Васильев невольно расхохотался.

— Какая вы чудачка! Нашли о чём спрашивать!.. Я-то почём знаю? Ездил я, что ли, справляться?

— А почему ж бы и нет? — горячо вырвалось у Анны Николаевны. — А если вправду у неё кто-нибудь умирал, а вы выгнали её в эти минуты?

Смех исчез с лица Васильева, и в глазах мелькнула злоба.

— К сожалению, Анна Николаевна, я не сообразил такого важного обстоятельства… Я вернулся с урока уставший, голодный и почти больной… и зяб под воротами… Мне не приходило в голову, — продолжал он ещё внушительнее, — что заботиться о себе — преступно. Я привык видеть от этих людей недобросовестное отношение к их обязанностям и ложь на каждом шагу. И так именно я понял эту выходку её… А если и вправду у неё кто-нибудь умирал или умер, опять-таки я тут не при чём. Мне нужны обед вовремя, покой вовремя, потому что нужны силы и здоровье. И… извините, Анна Николаевна, если я позволю себе думать, что моя жизнь нужна другим… нужна обществу. А я рисковал схватить простуду и слечь… И умереть, наконец… Всё бывает.

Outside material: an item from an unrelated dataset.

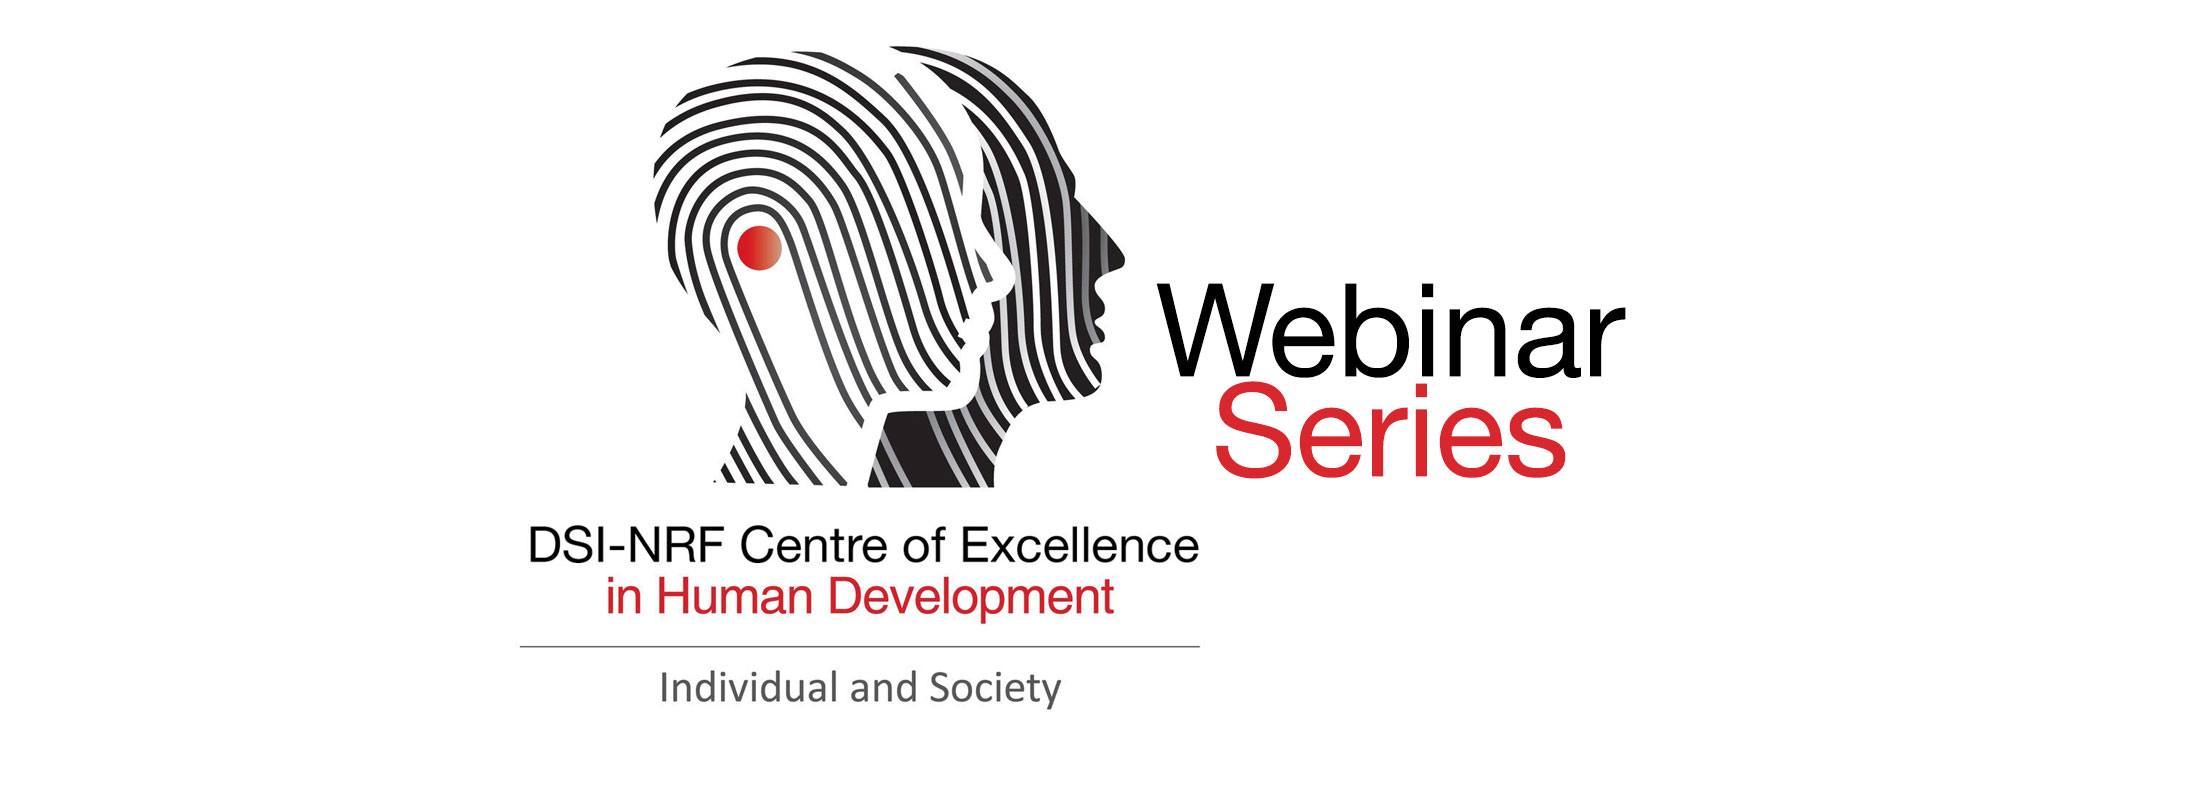 DSI-NRF Centre of Excellence in Human Development Webinar Series

— О да! Конечно!.. Искусство выше всего…

В тоне её на этот раз слышалось столько жёлчи, что у Николая Модестовича вдруг пропал аппетит. Он не привык слушать оскорбительные отзывы о значении искусства и уклонялся от подобных споров. От Анны Николаевны всех менее согласился бы он выслушать, что есть в жизни что-нибудь важнее искусства. Он отодвинул тарелку и помолчал, стараясь сдержать овладевшее им раздражение.

— Вы, конечно, это серьёзно сказали об искусстве? — осведомился он, понизив голос.

— Нет-с, Николай Модестович! С иронией сказала, представьте!.. Для меня есть в жизни кое-что выше и заветнее искусства.

Она смотрела ему в лицо прямо, дерзко, словно бросая вызов. Он удивлённо раскрыл красивые глаза, и губы его задёргало чуть заметной судорогой волнения.